The big point, though, is that if CDS insiders have occasional gaps in their understanding, then it's frightening to think of bank management and government regulators acting with even less understanding.  Moreover, street-side participants in CDS have realized that they are counterparties to obligations they often don't understand, and this has certainly played a role in both a) their unwillingness to extend credit and b) their inability to get credit from lenders who are uncertain of what their CDS obligations mean.  THAT is why Buffett called them "financial weapons of mass destruction" - not because they START a war, but because they have immense capacity to radically ESCALATE it.  They didn't start the credit crisis - all of us, collectively and naively overextending ourselves, did - but they have absolutely played a subsequent role in accelerating this from a crisis to a major crisis. 

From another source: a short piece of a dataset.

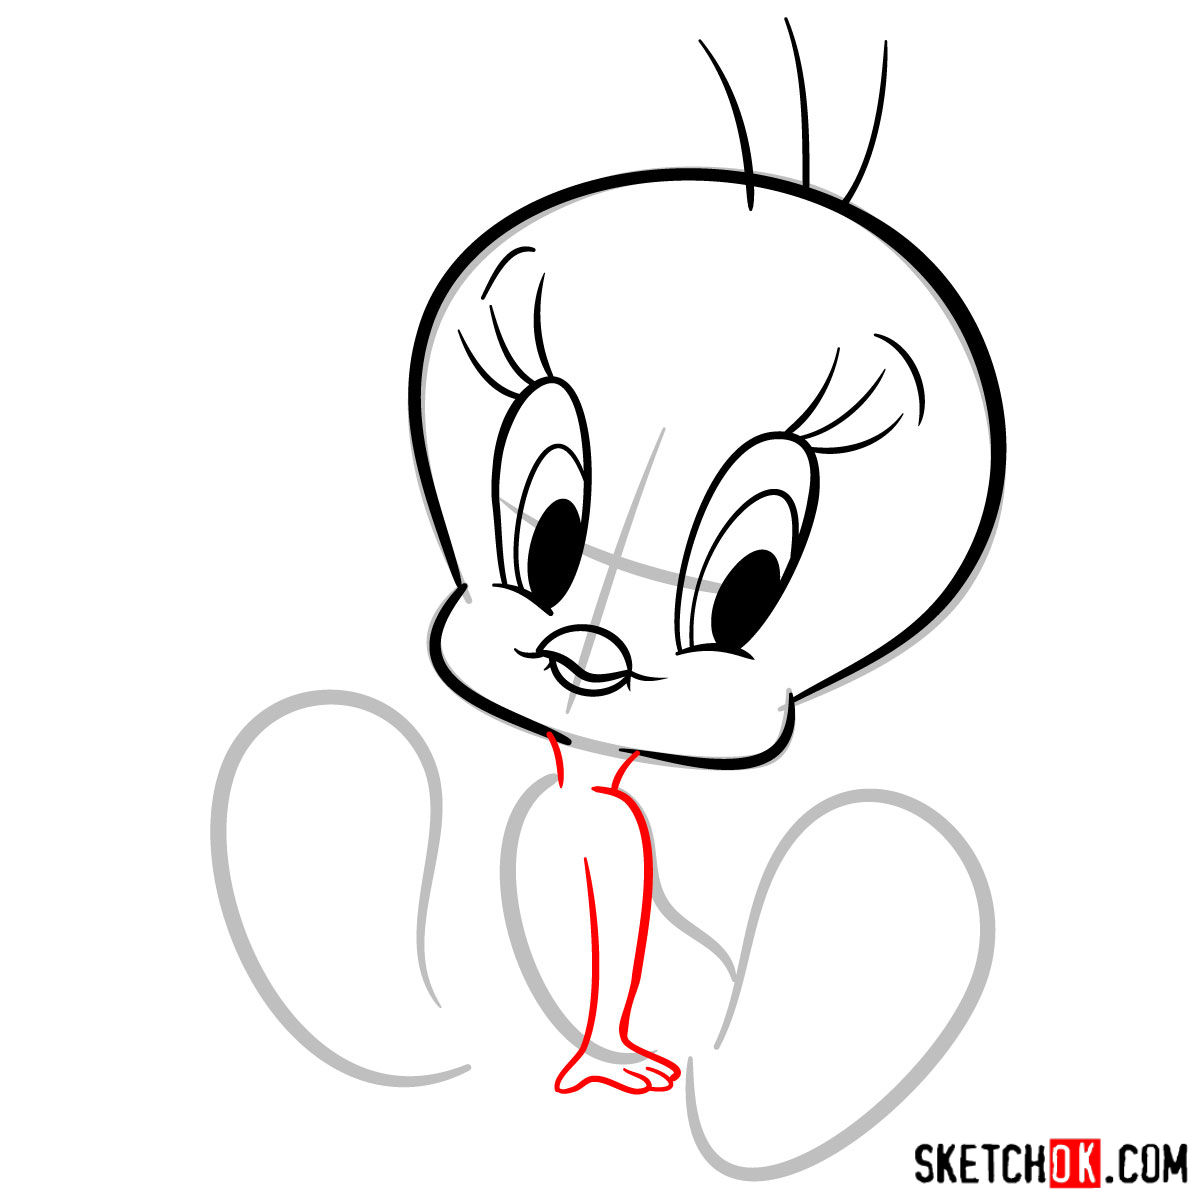 How to draw Tweety Bird - Sketchok easy drawing guides

And they did it quickly too: CDS turned this from crisis to major crisis in only 17 hours - from roughly noon on Sep 14 (when it became clear that Lehman would fail and I got a call to report for duty on a Sunday) to Sep 15 when it was widely reported that S&P had downgraded AIG due to its CDS obligations.  At that point everyone started worrying about collateral, and then discovered that they were not able to properly worry about collateral, since they did not fully understand derivative collateral requirements.  All they knew is that they were facing something big and scary, and so - once again collectively and naively - we all stopped lending just to be safe....which is sort of like movie victims who close their eyes when the monster is right in front of them: it's both the most intuitive and the least productive thing to do.

It's absolutely clear to me that we bailed out AIG because of its counterparty CDS risk, and that they're escalating other problems more generally.  But it's less clear to me that they're the main source of contagion in the financial markets.  And at this point, many, many, many things are escalating other problems.

I don't mean to downplay the role of CDSs.  I'm just not sure how they came to be the main villain of the piece, that's all.